Since Poetry 1.0 we can specify the source of package in the pyproject.toml, in order to use another index than PyPI. This is very convenient, but there is no way to specify this when using the poetry add command.
This is especially inconvenient when you're trying to update an existing private dependency with poetry add, as it will erase its source.
My suggestion would be to add a --source option to poetry add, taking the name of a source defined in the pyproject.toml. I don't think adding a package from a source not defined previously should be accepted.
I'm working on a PR, the solution seems to be very easy in the end.
It looks like https://github.com/python-poetry/poetry/pull/1912 was merged but then later lost again in https://github.com/python-poetry/poetry/commit/9ab25813f9de1019910549dc92d30bbad427a838. Was this by accident?
In light of GitLab's new feature (git/source repository specific package repositories), this would be a rather useful feature.
I think it was intentionally delayed for the version 1.1. Apparently the commit is still present in the branch 1.1.0b2 so I'm hopeful :) .
This already added for 1.1.0 and available in the current pre-release.
Hi, it looks like this was never implemented or I'm maybe missing something? We have a use case where a custom package bears the same name as a public PyPi package and specifying the source when running poetry add would be great.
@GuillaumeLegoy You probably should use something like _devpi_ and configure it correctly so that private packages are preferred over public ones (_PyPI_). This is the only correct way of dealing with such cases in the end. A lot of background information in this discussion if you are interested.
Thanks will take a look.
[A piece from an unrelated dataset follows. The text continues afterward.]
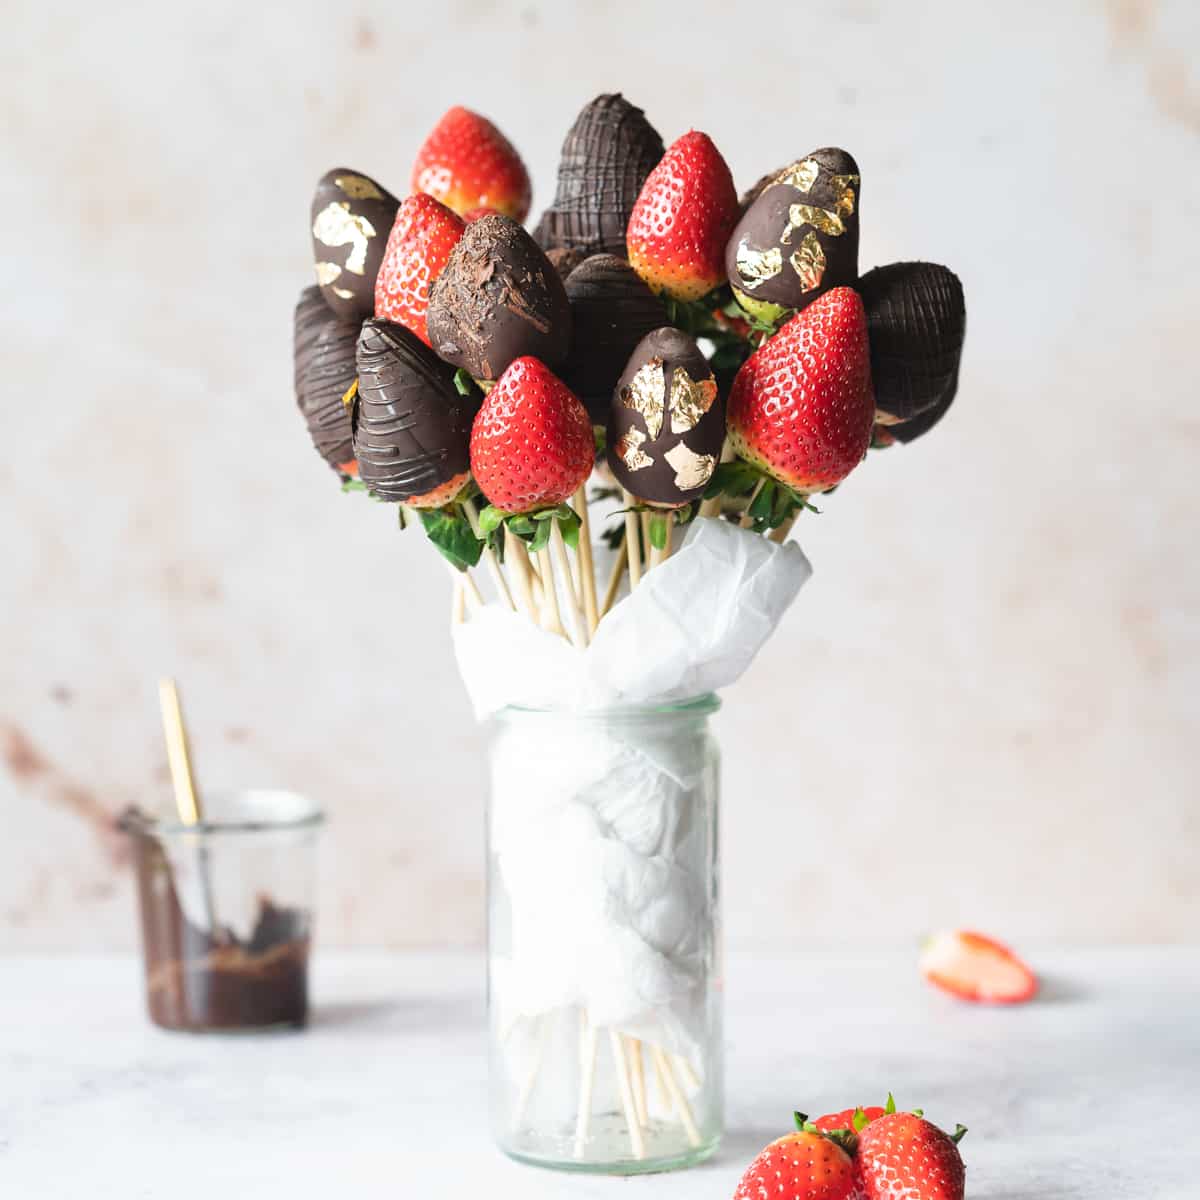 How to make an amazing chocolate bouquet in a box. DIY, chocolate bouquet  gift

However it doesn't answer the above question as it looks like it was implemented but somehow never made it to live?
Also I've experienced with the secondary vs default settings of poetry sources and ran into errors as well. If we could simply specify a private repository as default and PyPi as fallback that would solve it as well (first look into private repo, if not found revert to PyPi).
However it doesn't answer the above question as it looks like it was implemented but somehow never made it to live?
I have _poetry 1.1.4_ and I can see the --source flag:
$ poetry add --help
USAGE
poetry add [-D] [-E聽<...>] [--optional] [--python聽<...>] [--platform聽<...>] [--source聽<...>] [--allow-
prereleases] [--dry-run] [--lock] <name1> ... [<nameN>]
ARGUMENTS
<name> The packages to add.
OPTIONS
-D (--dev) Add as a development dependency.
-E (--extras) Extras to activate for the dependency. (multiple values allowed)
--optional Add as an optional dependency.
--python Python version for which the dependency must be installed.
--platform Platforms for which the dependency must be installed.
--source Name of the source to use to install the package.
--allow-prereleases Accept prereleases.
--dry-run Output the operations but do not execute anything (implicitly enables
--verbose).
--lock Do not perform operations (only update the lockfile).
[...]
If we could simply specify a private repository as default and PyPi as fallback that would solve it as well (first look into private repo, if not found revert to PyPi).
In Python packaging world, this is not a real thing as far as I understood. There can not be priorities between indexes. _Poetry_ might offer this, but in general the packaging ecosystem was not built to allow this (for example _pip_ does not allow ordering the indexes), so I would not recommend relying on this too much. See also more details in https://github.com/python-poetry/poetry/issues/3269. From my point of view a well configured private index (_devpi_ or other), is a much better solution that will work with any tool (poetry, pip, etc.).
Also I've experienced with the secondary vs default settings of poetry sources and ran into errors as well.
I don't think I ever seriously experimented with this. Indeed _poetry_ claims to support a single primary index plus multiple secondary indexes (which I assume means that distributions are searched in the primary first, and if it fails in the secondary ones). So if that does not work as expected it might be a _poetry_ bug. Maybe there are already tickets on this, if not feel free to open a bug tracking ticket.
@sinoroc you are right, I see the tag as well. It's not in the doc yet (might go ahead and submit a PR!).
Thanks for the info, it was really helpful, appreciate it!